Gather four 32-bit words from two 128-bit blocks

Question

I'm working on a port from SSE to NEON using C intrinsics. I have two 128-bit blocks made of 32-bit words:

[A1  A2  A3  A4] [B1  B2  B3  B4]

and I need to gather them into two uint32x4_t like so:

[A1  B1  A2  B2] [A3  B3  A4  B4]

The 128-bit blocks and their associated stride are giving me trouble. I've reviewed ARM's NEON Part 1: Load and Stores, but I don't see something that reaches across two 16-byte blocks.

How do I gather the data from the two 128-bit blocks?

With SSE, the instructions you want are `punpckldq` and `punpckhdq` to interleave two vectors, not scalar insert! What SSE lacks is a deinterleave like ARM's `vunzp`. — Peter Cordes, Dec 03 '17 at 21:17
@PeterCordes - Yeah... I need the SSE equivalent to ARM's `vunzp`. I actually asked the wrong question, but it was too late to change it once Jake provided an answer. — jww, Dec 04 '17 at 09:44
Actually `shufps` can do the reverse: A1 and A2 from your first "output" vector (going into the bottom 64 bits of destination), and A3 and A4 from the 2nd (going into the top 64 bits). (And yes it's worth using an FP shuffle on integer data. Nehalem will have a bit of extra latency, but still good throughput.) SSE instructions only ever have one vector output operand. — Peter Cordes, Dec 04 '17 at 09:59
Thanks Peter.
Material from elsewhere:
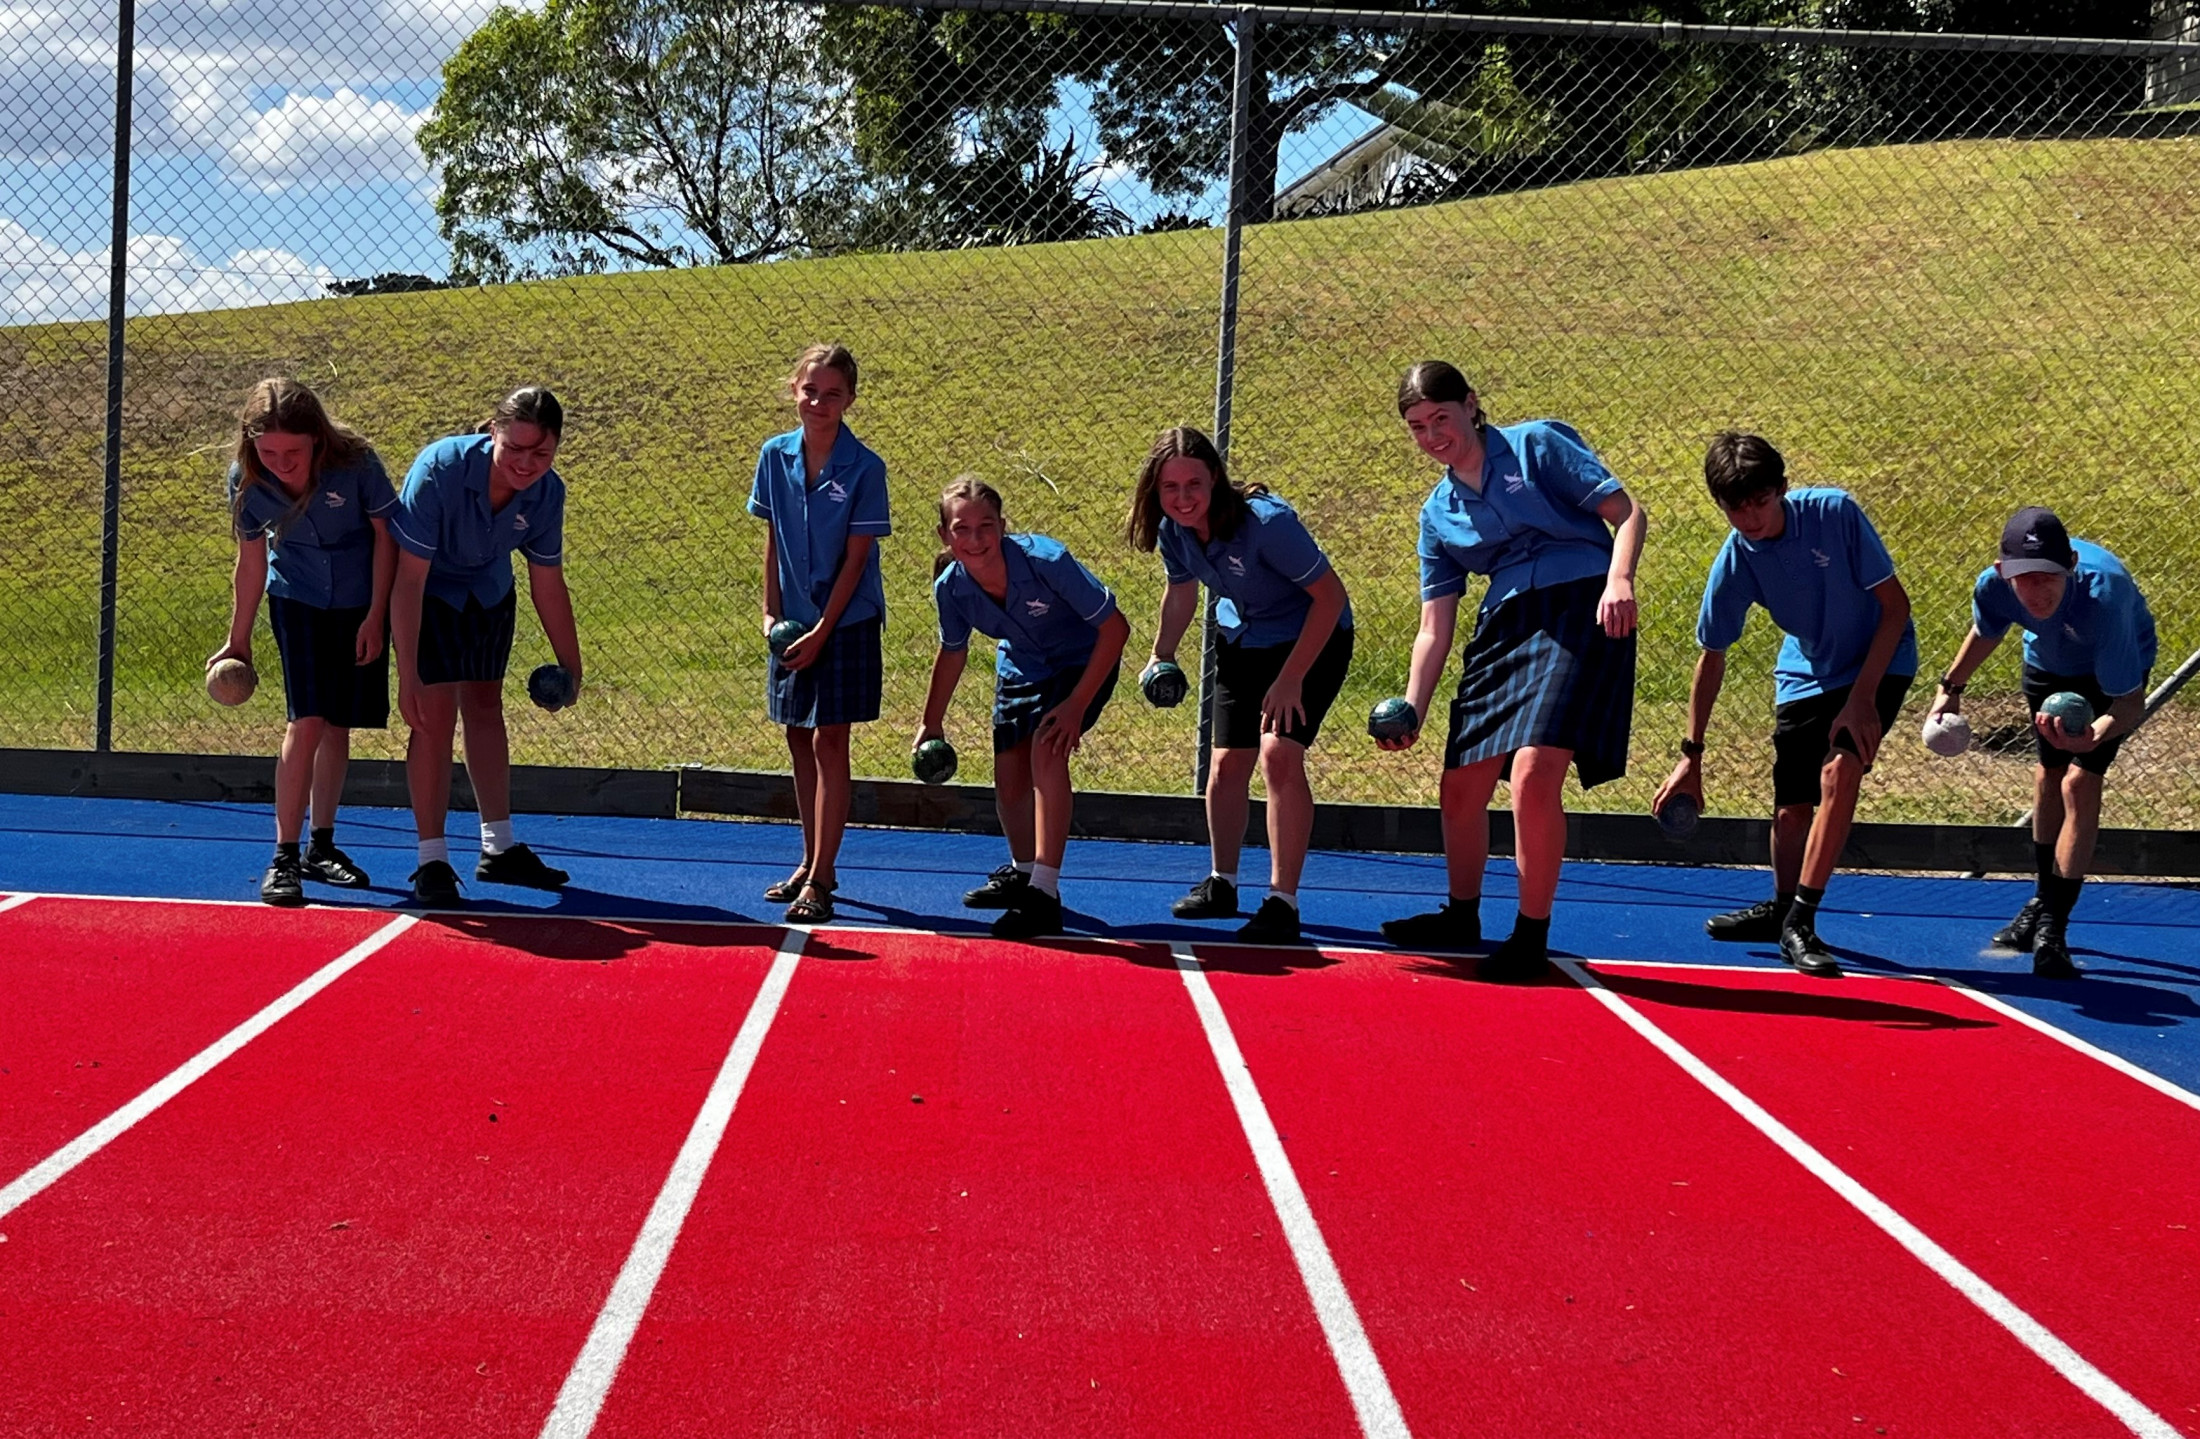 Students embrace the challenge of Lawn Bowls

Here's what I am trying to cleanup: [Speck : 1173](https://github.com/weidai11/cryptopp/blob/master/speck-simd.cpp#L1173). Forgive my ignorance... Are you suggesting two `shufps` with a `por`, which means 3 SSE insns to produce a new vector (as opposed to 8 or so). — jww, Dec 04 '17 at 12:42
No, one `shufps([A1 B1 A2 B2], [A3 B3 A4 B4], _MM_SHUFFLE(2,0,2,0))` or `(3,1,3,1)` per result vector. That should have been obvious if you look at the manual for shufps and think about how you could use it... If you need to avoid destroying one of the inputs, you'll need to copy one first. — Peter Cordes, Dec 04 '17 at 12:44
I just looked at the code you linked. Why would you ever write that? If you're just going to give up, store to arrays and use `_mm_set_epi32(blah blah)` to let the compiler do something less horrible than 16 shuffle uops + 16 integer<->xmm uops. (8 each `_mm_insert` / `_mm_extract`). `insert`/`extract` are *more* expensive than `_mm_shuffle_epi32` or `_mm_shuffle_epi32`. Since you're using `_mm_shuffle_epi8` anyway, you just need to get the right data into each vector in any order. (You could use different shuffle masks for the two vectors if necessary). You could have used pshufb / por — Peter Cordes, Dec 04 '17 at 12:51
Thanks Peter. No one has given up. Its on the TODO list because SSE lacks the intrinsics and search is failing me. — jww, Dec 04 '17 at 12:54
The code you linked is an example of (short term) giving up. The way it's written with intrinsics is maximally inefficient. I'm saying that nobody ever should have written that. (especially not when the next thing you do is `_mm_shuffle_epi8`! If you're shuffling elements one at a time, or with a flexible shuffle, combine it with any later shuffling.) Store and `_mm_setr_epi32(a[0], a[2], b[0], b[2])` (or whatever after you take the `_mm_shuffle_epi8` into account) would have been far easier to write and compiled at least as well. — Peter Cordes, Dec 04 '17 at 13:14
Anyway, clang has a good shuffle optimizer. You can often give it inefficient shuffles and it figures out something good. (But it can sometimes pessimize carefully-chosen shuffles, see https://stackoverflow.com/questions/6996764/fastest-way-to-do-horizontal-float-vector-sum-on-x86) — Peter Cordes, Dec 04 '17 at 13:17

score 3 · Accepted Answer · edited Dec 08 '17 at 09:38

3

VZIP.32 is exactly what you are looking for

from MSB to LSB:
q0: A4 | A3 | A2 | A1
q1: B4 | B3 | B2 | B1

vzip.32 q0, q1

q0: B2 | A2 | B1 | A1
q1: B4 | A4 | B3 | A3

On aarch64, it's quite different though.

from MSB to LSB:
v0: A4 | A3 | A2 | A1
v1: B4 | B3 | B2 | B1

zip2 v2.4s, v0.4s, v1.4s
zip1 v3.4s, v0.4s, v1.4s

v2: B2 | A2 | B1 | A1
v3: B4 | A4 | B3 | A3

And you shouldn't waste your time on intrinsics.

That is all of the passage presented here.